Quant au concept de résilience(1), s’il se révèle omniprésent, c’est, précise Daniel Allemann «  parce que les forces engendrées peuvent contribuer à ouvrir les espaces paradisiaques que l’homme porte en lui. Et chaque ouverture engendre une nouvelle ouverture(2).

Prenez des villes décimées par les éléments, les forces de résiliences peuvent les faire redevenir des endroits où il fait bon vivre. Ce phénomène permet au « principe du vivant » de renouer contact avec l’environnement. Il en va de même pour mes tableaux. Après le feu, les perturbations, les chocs, les chahutements, ils offrent à voir la germination de nouvelles formes de vie ». 

Ainsi, le spectateur s’identifiant au tableau deviendra nomade en résilience. Sortant des vieilles trames pour s’ouvrir au plus-que-soi, il contribuera à rendre la vie plus entraînante. Il aura alors remplacé la peur et le doute par l’émerveillement.

René Clairicia

(1)  La résilience est d’abord un constat  :  des chocs aboutissant à des situations apparemment destructrices peuvent se révéler in fine salutaires. De plus :

a – Elle est une mise en garde, aussi : toutes les théories sur les aléas du développement de la vie ne peuvent pas expliquer sur un plan singulier l’aventure individuelle.

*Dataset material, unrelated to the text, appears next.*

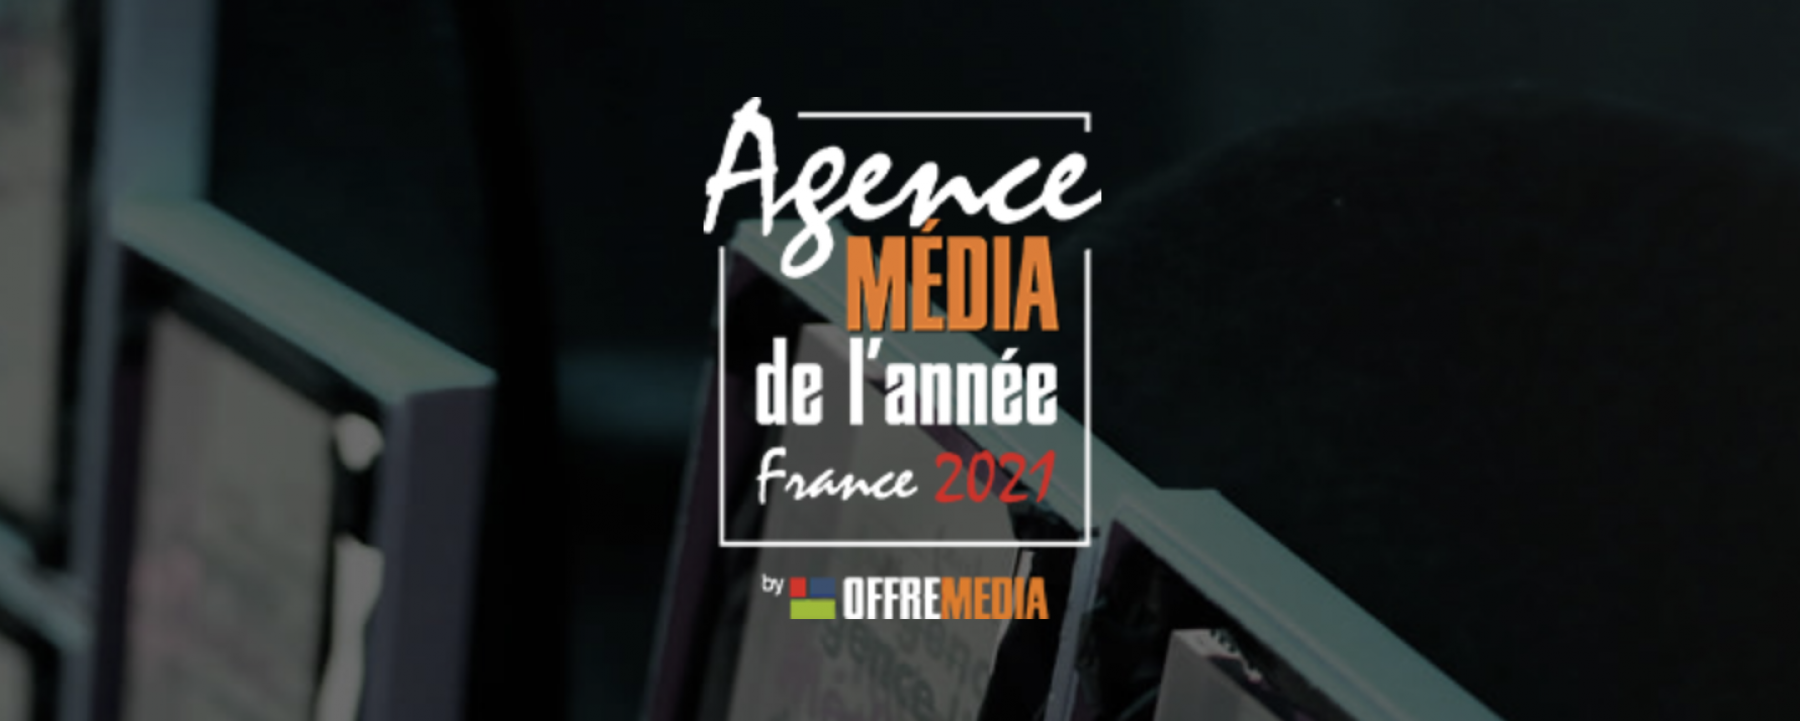 Prix Agence Média de l’année France, organisé par OFFREMEDIA le 28 janvier 2021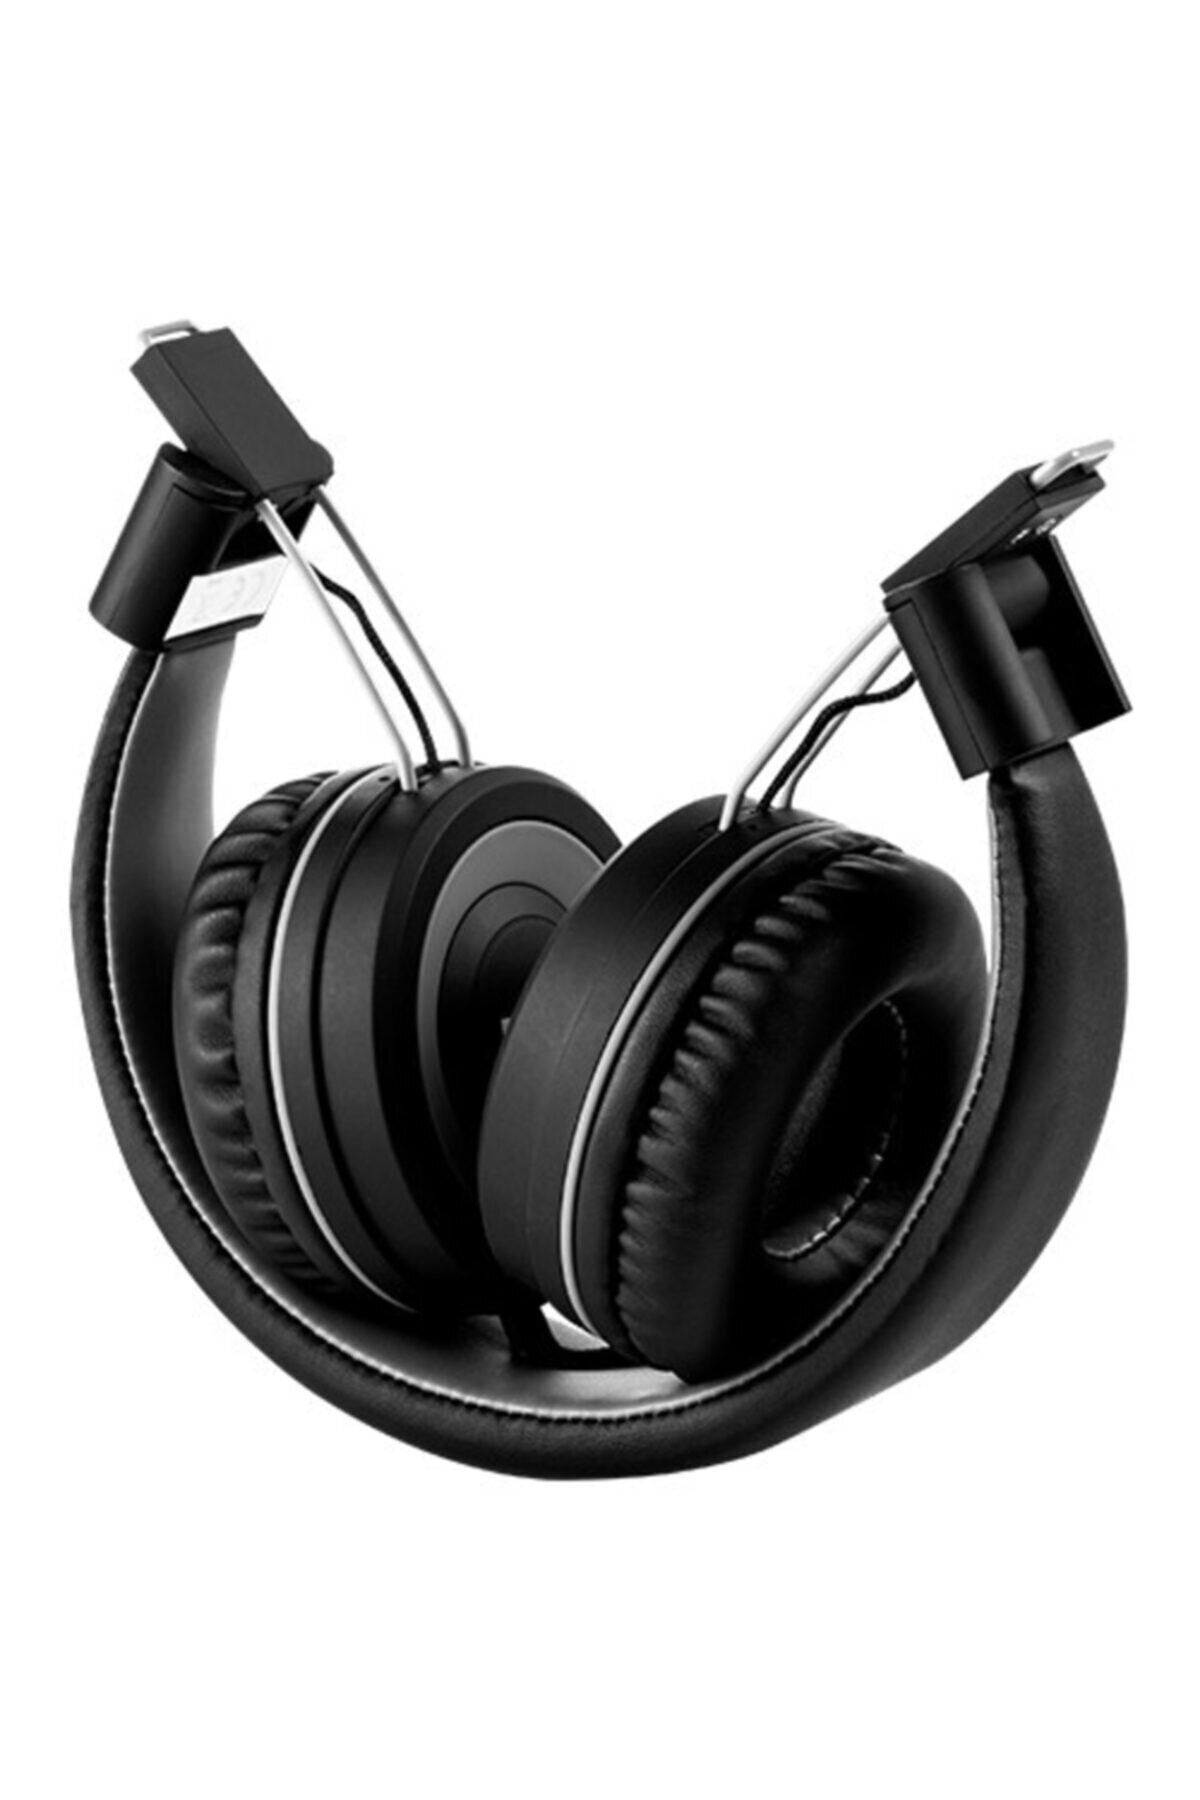 Polosmart FS28 Kablosuz Kulaklık - Siyah

Il demeure une part d’imprévisible, d’indicible qui dépasse connaissances et théories. 

b – Elle est un message d’espoir, également : le traumatisme, la crise ou le choc, au moment où ils apparaissent sont perturbants. Ils sont souvent suivis d’un mouvement fécond dans leur évolution, à condition de ne pas vouloir le réprimer.

c – Elle est en outre un rappel des forces et des limites qui habitent la vie : il faut savoir reconnaître avec humilité que nos anticipations, telles que plans d’interventions, ou autres pronostics, ne forment que des hypothèses à l’issue incertaine.

d – Elle est bien entendu également porteuse d’un dynamisme. La matière, telle que l’homme, qui subit un choc, qui semble sombrer à un moment donné mais qui s’écoute au-dessous du seuil de la conscience, génère de nouvelles forces d’action, de rêves et de réalisations concrètes.

e – Elle transmet un message paradoxal, enfin : on ne peut pas toujours faire l’économie d’un traumatisme et c’est parfois après lui qu’émergent de nouveaux possibles, demeurés jusqu’alors à l’état latent et inconnu.

(2) L’on peut faire ici référence à l’effet papillon.